Exercise aim
What is needed is an exact reproduction of the lines in the records below, starting at the line with "Поиск по фамилии" and ending at the line with "flowers hydrangeas mightylinksfo", both included, and nothing else; pictures stay out.
Records supplied: Begin
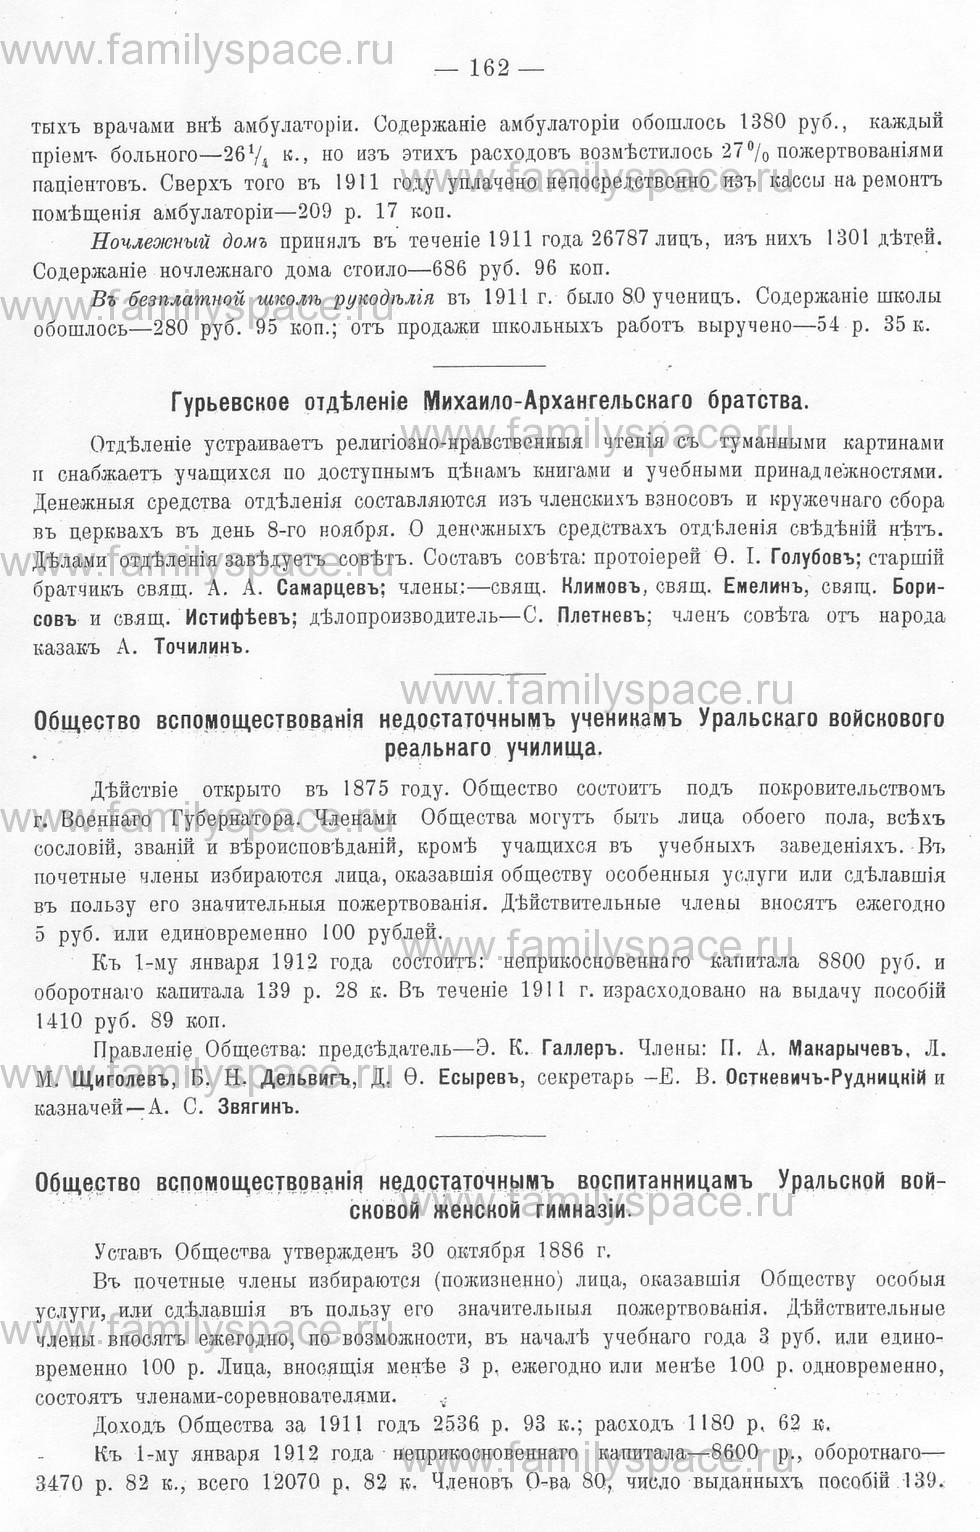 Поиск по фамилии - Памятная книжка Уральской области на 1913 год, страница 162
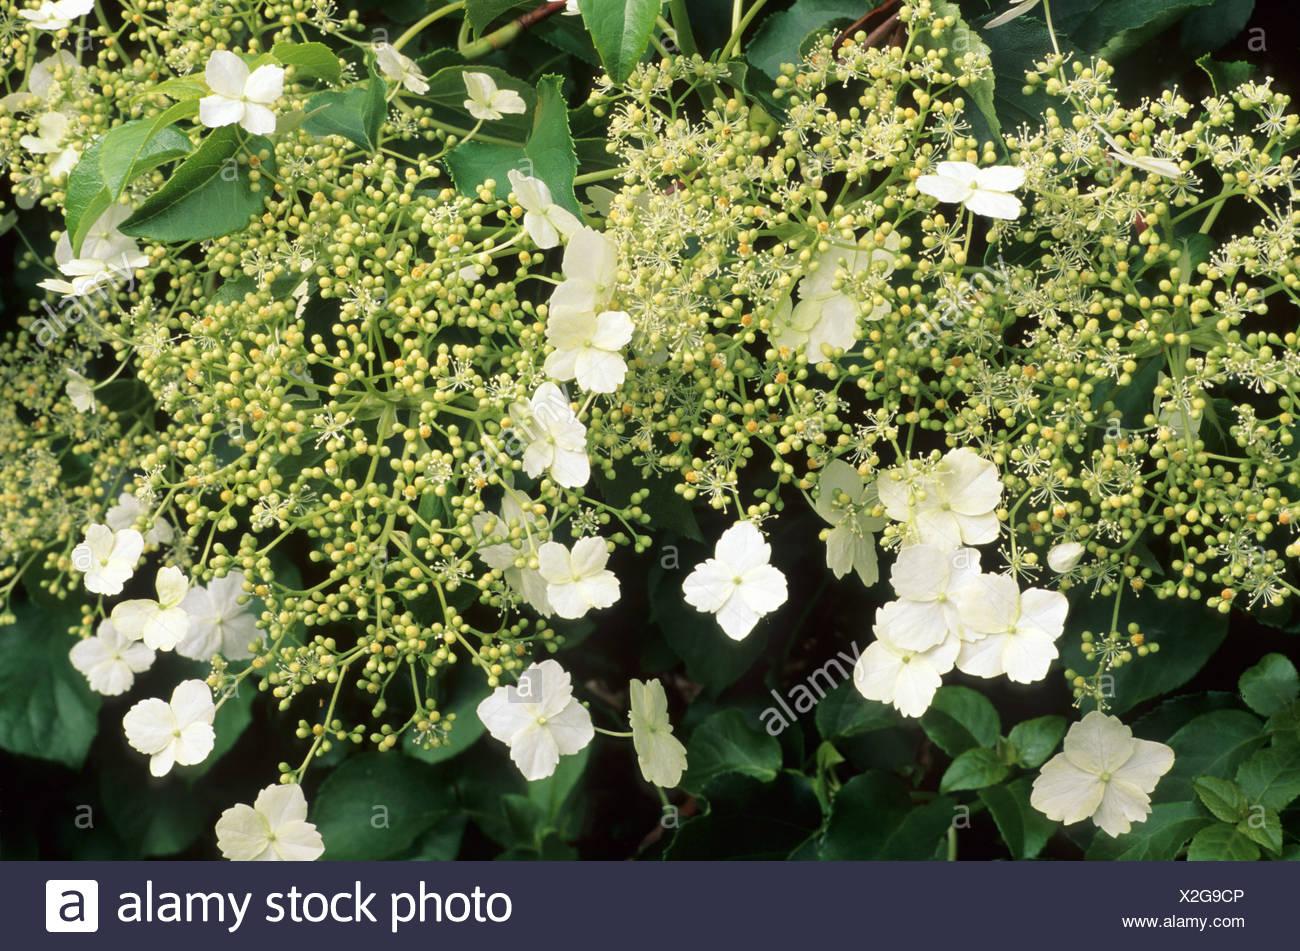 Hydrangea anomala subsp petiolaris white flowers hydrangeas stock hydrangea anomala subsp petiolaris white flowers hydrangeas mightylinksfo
Records supplied: End
Records supplied: Begin
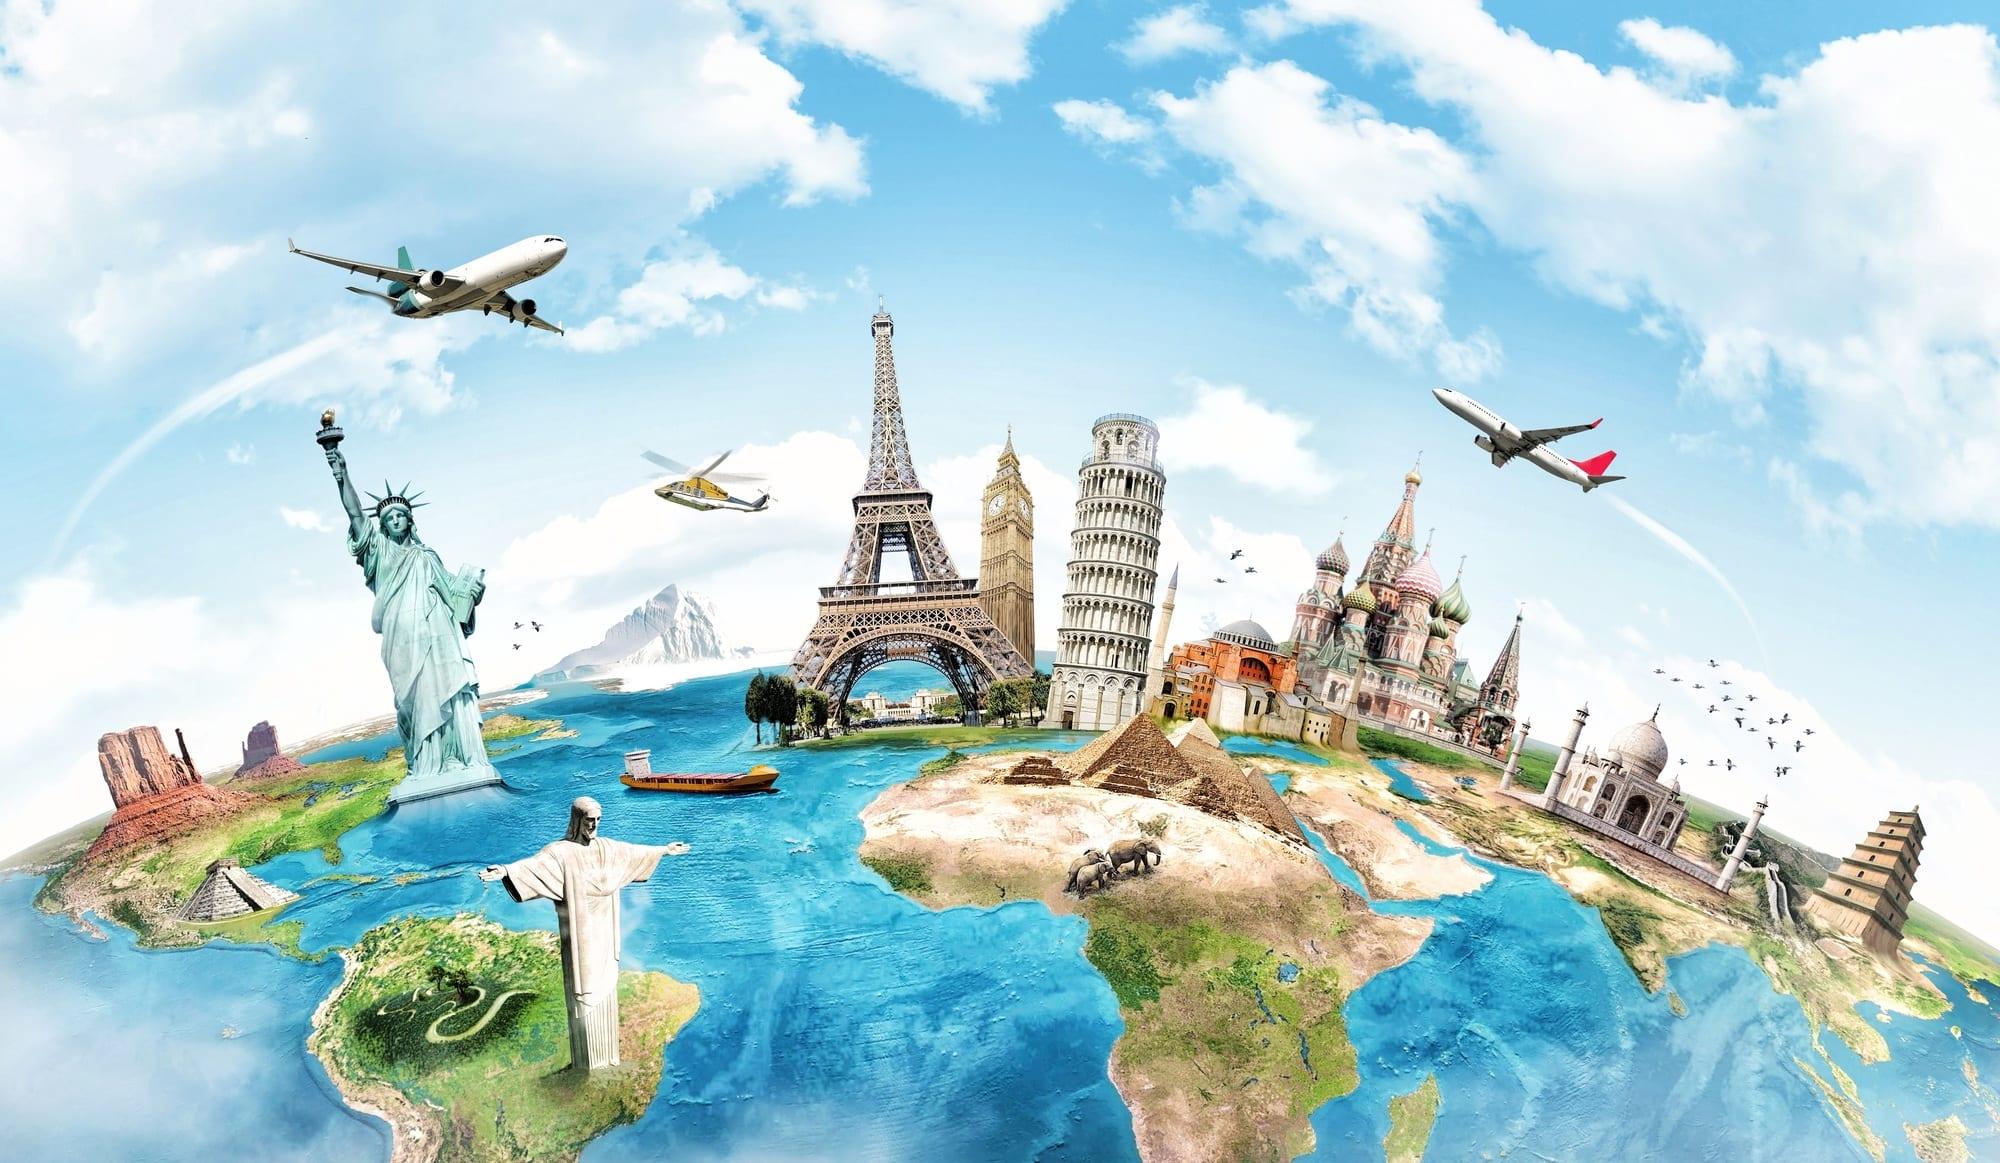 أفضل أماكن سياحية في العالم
Records supplied: End
Expected answer
 Поиск по фамилии - Памятная книжка Уральской области на 1913 год, страница 162
 Hydrangea anomala subsp petiolaris white flowers hydrangeas stock hydrangea anomala subsp petiolaris white flowers hydrangeas mightylinksfo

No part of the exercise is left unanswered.